• [Task statement]
The output should be every line below, retyped exactly, with no images.

• [Stored data]
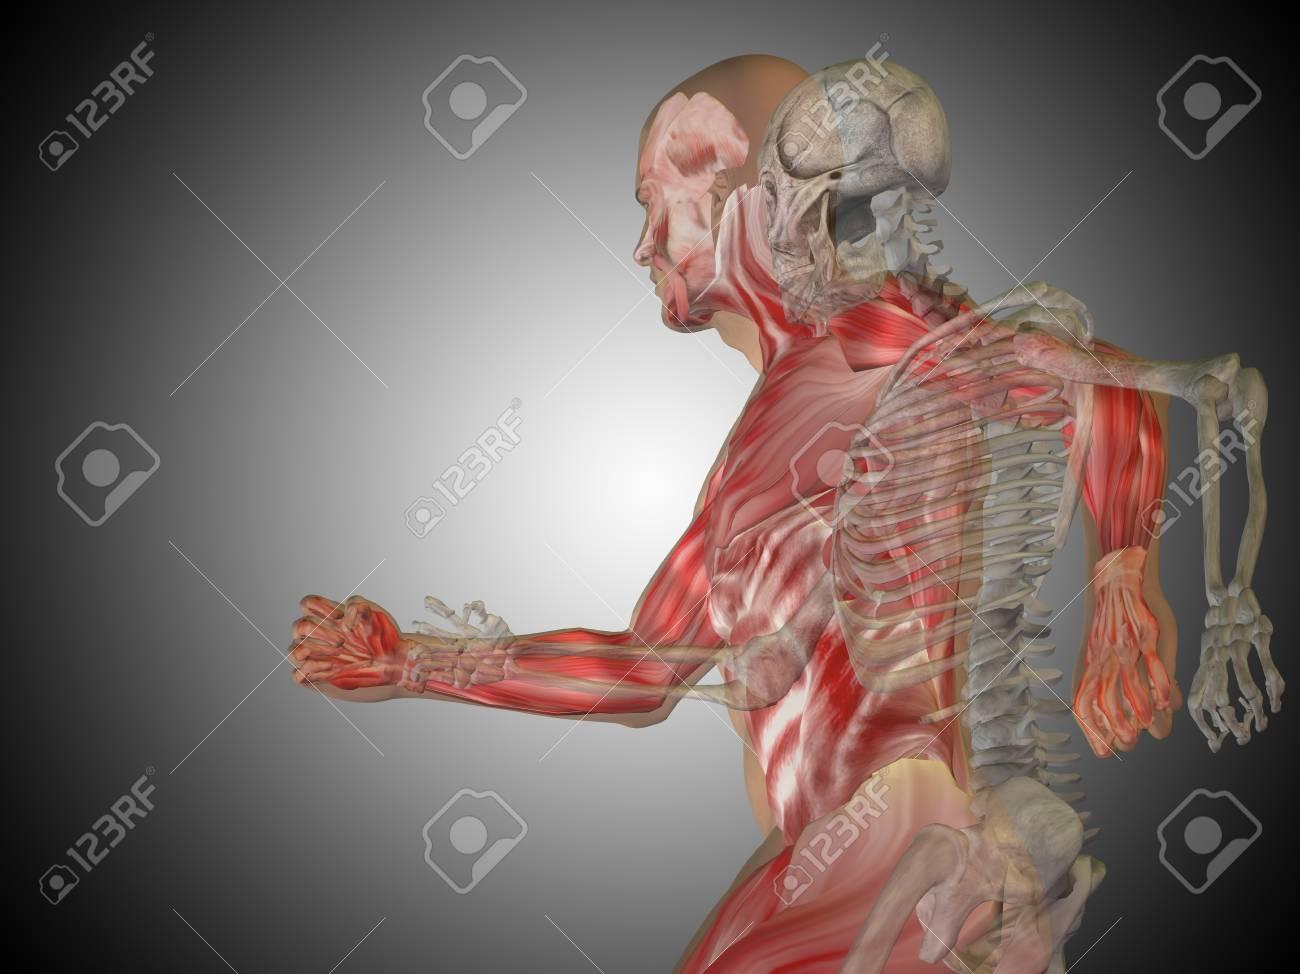 Konzeptionelle Anatomie Menschlichen Körper Auf Grauem Hintergrund ...
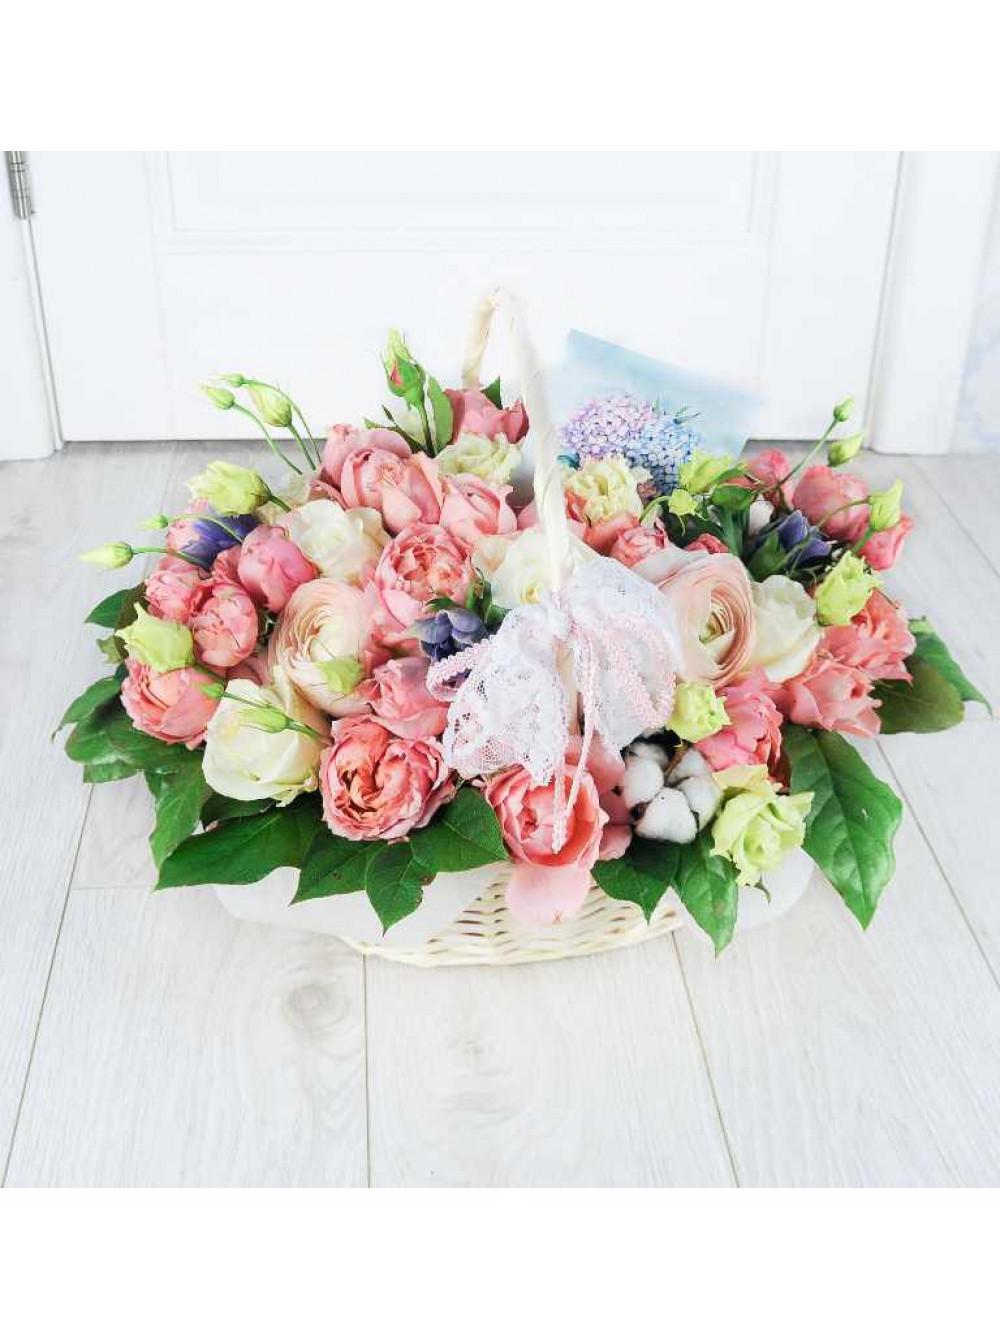 Букет цветов в корзинах #8
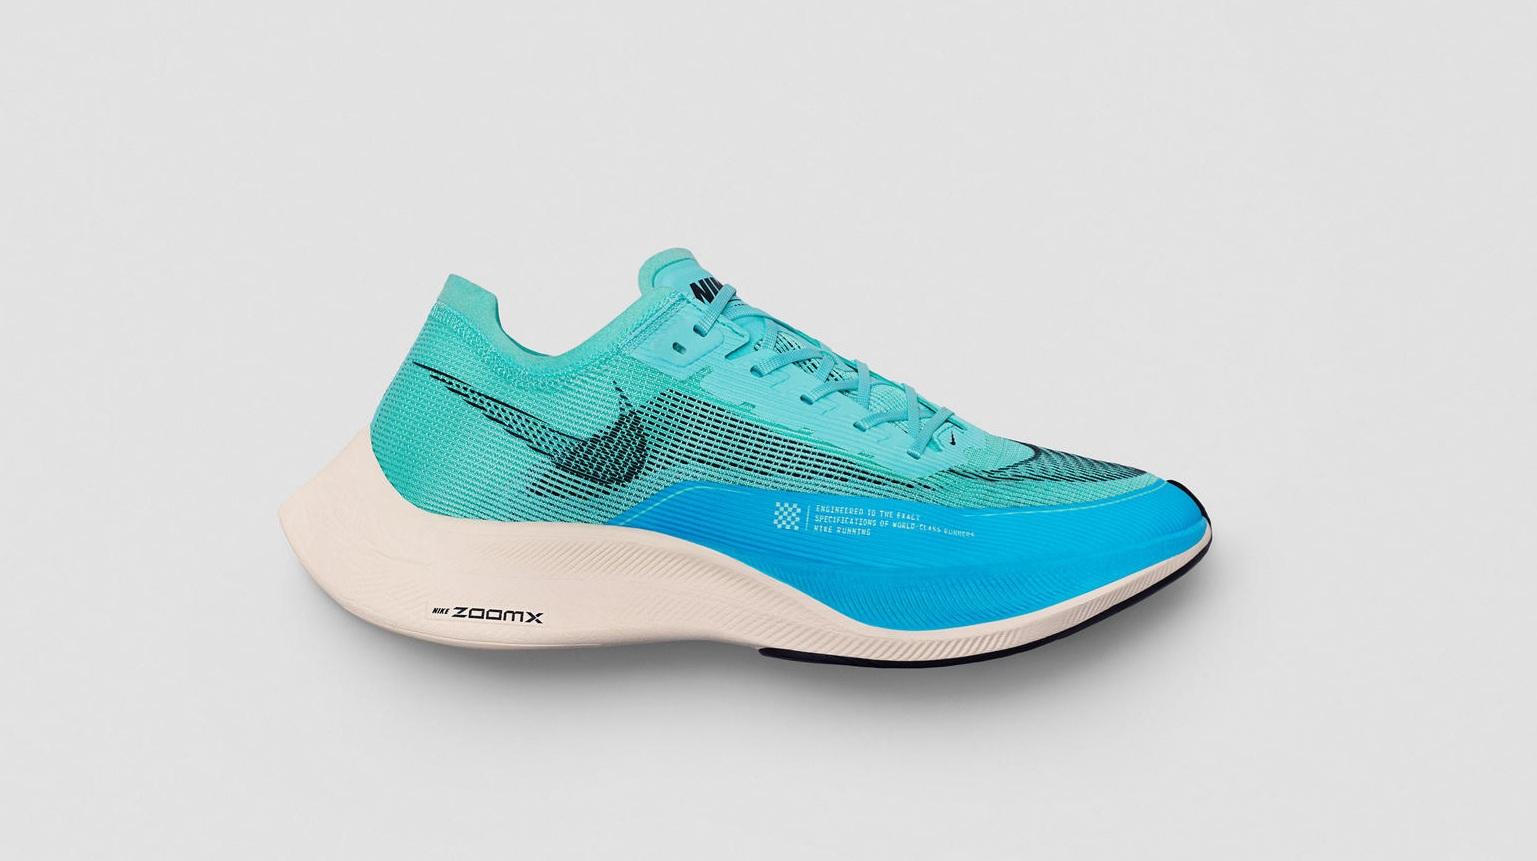 Pour l'élaboration de la Nike ZoomX Vaporfly NEXT% 2, la marque à la virgule s'est logiquement inspirée du modèle précédent, la Nike ZoomX Vaporfly NEXT%.
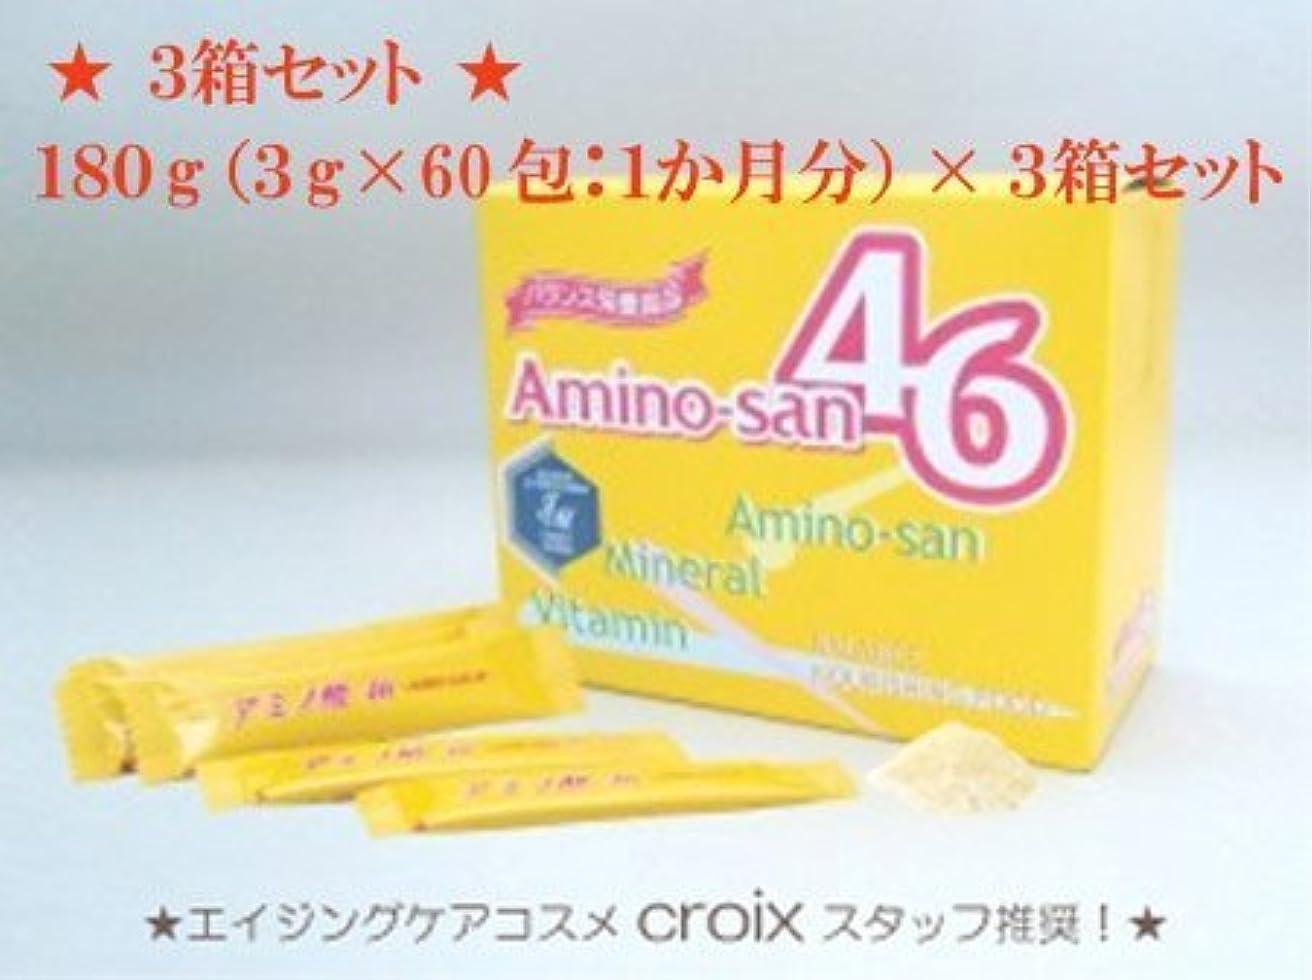 幾分知覚できる仕えるアミノ酸46 3g×60本(1か月分)×6箱セット ポーレン(蜂蜜花粉)含有サプリメント

• [Exercise solution]
 Konzeptionelle Anatomie Menschlichen Körper Auf Grauem Hintergrund ...
 Букет цветов в корзинах #8
 Pour l'élaboration de la Nike ZoomX Vaporfly NEXT% 2, la marque à la virgule s'est logiquement inspirée du modèle précédent, la Nike ZoomX Vaporfly NEXT%.
 幾分知覚できる仕えるアミノ酸46 3g×60本(1か月分)×6箱セット ポーレン(蜂蜜花粉)含有サプリメント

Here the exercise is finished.